Mortgage Rate Trends: Past 90 Days
Purchase Rates
Loan Type | Rate | APR | Daily Change | Monthly Change |
---|---|---|---|---|
30-Year Fixed | 6.21% | 6.24% | -0.05% | -0.35% |
15-Year Fixed | 5.2% | 5.25% | -0.04% | -0.31% |
30-Year Fixed FHA | 5.53% | 6.75% | +-0% | -0.3% |
30-Year Fixed VA | 5.62% | 5.77% | -0.01% | -0.28% |
30-Year Fixed USDA | 5.54% | 5.68% | +0.01% | -0.28% |
30-Year Fixed Jumbo | 6.57% | 6.59% | -0.01% | -0.13% |
5/6 Year ARM | 6.26% | 6.3% | -0.01% | -0.33% |
Refinance Rates
Loan Type | Rate | APR | Daily Change | Monthly Change |
---|---|---|---|---|
30-Year Fixed | 6.3% | 6.33% | -0.05% | -0.3% |
15-Year Fixed | 5.21% | 5.25% | -0.05% | -0.31% |
30-Year Fixed FHA | 5.49% | 6.7% | +-0% | -0.31% |
30-Year Fixed VA | 5.64% | 5.78% | -0.01% | -0.28% |
5/6 Year ARM | 6.28% | 6.3% | +-0% | -0.33% |
What's coming up?
Although economic reports are usually the main drivers of changes to mortgage rates, they're not the only ones. The general mood in markets and economically consequential news can also affect those rates. News items concerning tariffs and deficit funding are especially influential at the moment.

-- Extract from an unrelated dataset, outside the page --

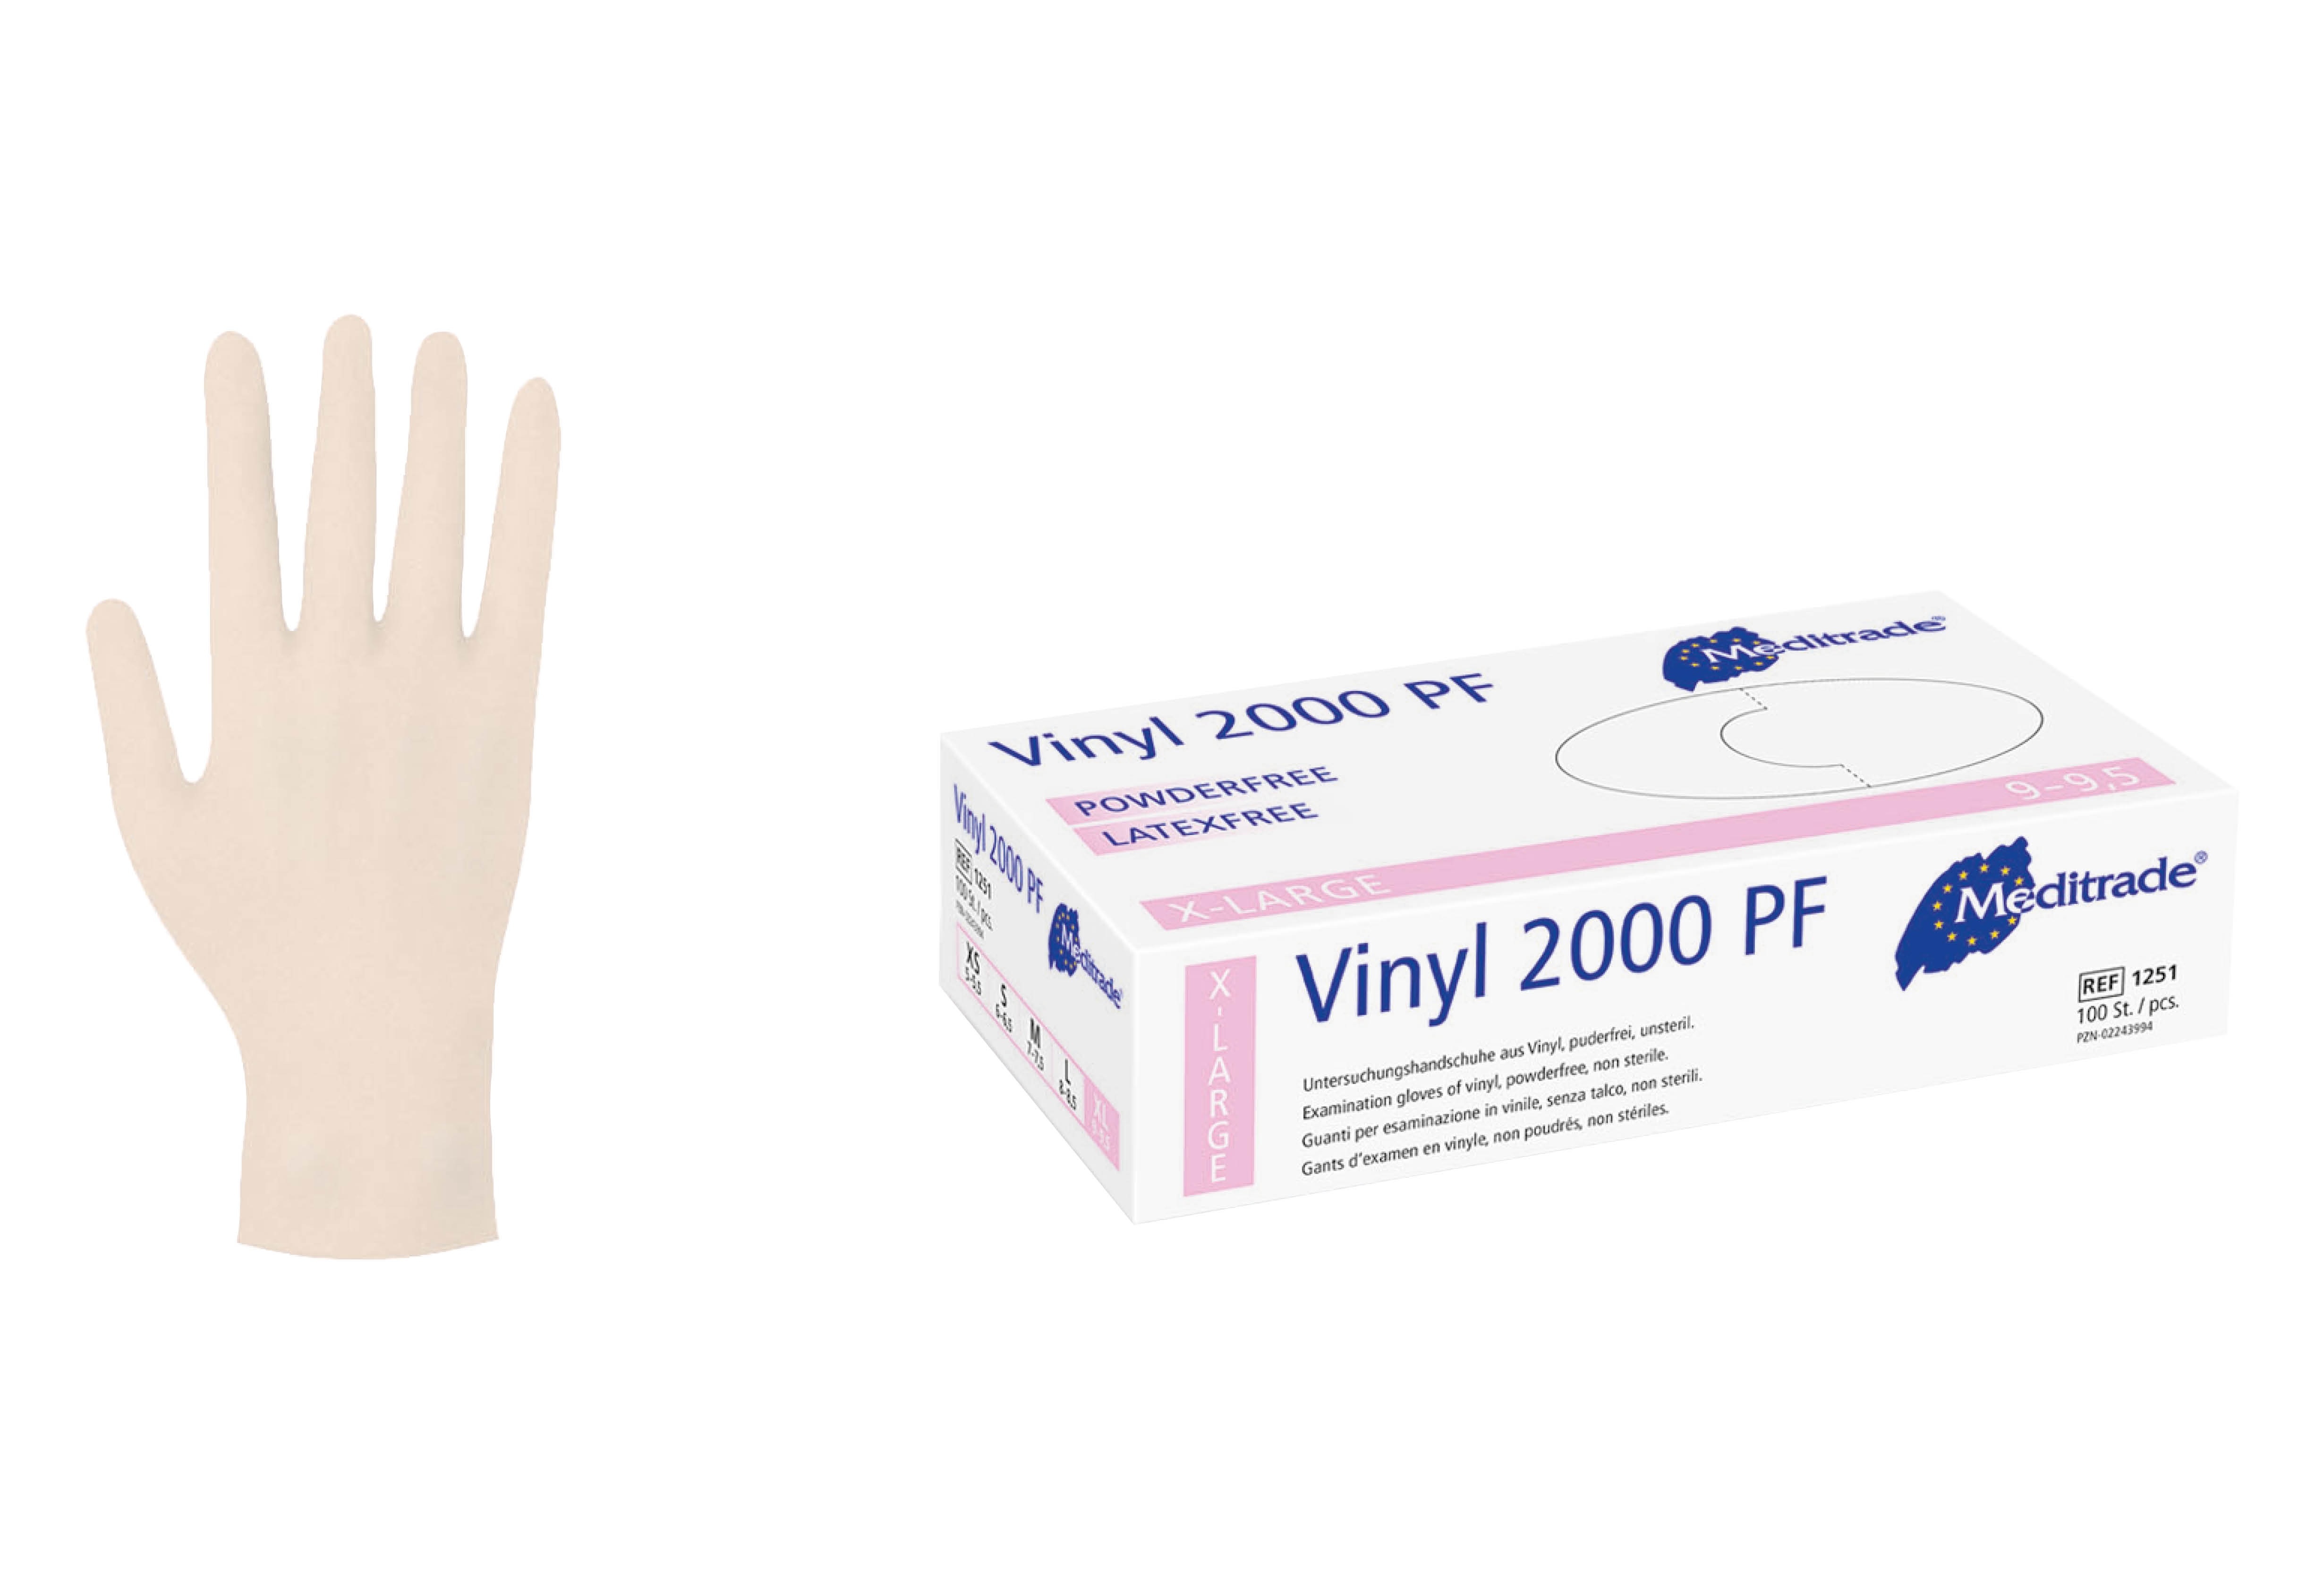 Hochwertige Vinyl Einmalhandschuhe bei med100.de mit EN 455-1 / -2 / -3/ -4 Zertifizierung. Puderfrei, und beidhändig passend. Geeignet für die Ärzte und den Kontakt mit nicht fettigen Lebensmitteln.

Here's Comerica Bank's expectations for this week's inflation reports:
"CPI and PPI inflation will likely diverge again in their August releases as lower diesel prices hold down the year-over-year increase of the
PPI. The core CPI and PPI indexes are forecast to run hot again and pick up in year-over-year terms on tariff passthrough. Shelter inflation
will likely run cool in the CPI report, offsetting some of the inflationary pressure from tariffs."
Mortgage rates today
The MarketWatch economic calendar shows three economic reports due today. However, only the CPI is likely to matter. It and the jobs report are rivals for the title of most important report, and virtually always overshadow other data published on the same day.
Price indices come in two flavors. The vanilla one (CPI) measures price changes across all items in the survey, while the "core" CPI is the same after food and energy prices are excluded.
There are two figures for each flavor. One covers the reporting month (August) and the other is a year-over-year (YOY) figure (Sep 1, 2024, to Aug. 31, 2025).
Here are what markets are expecting for those four headline figures:
- August CPI — Markets expect a 0.3% increase, a little warmer than July's 0.2%
- August core CPI — Markets expect a 0.3% increase, unchanged since July
- YOY CPI — Markets expect a 2.9% increase, warmer than July's 2.7%
- YOY core CPI — Markets expect a 3.1% increase, unchanged since July
Those headline figures appear above a mass of detailed data. Sometimes, markets may have a knee-jerk response to the former and then change their minds as they dig into the latter.
With inflation reports, higher-than-expected numbers tend to push mortgage rates upward, while lower-than-expected ones usually drag them downward. As-forecast figures may leave them virtually unchanged.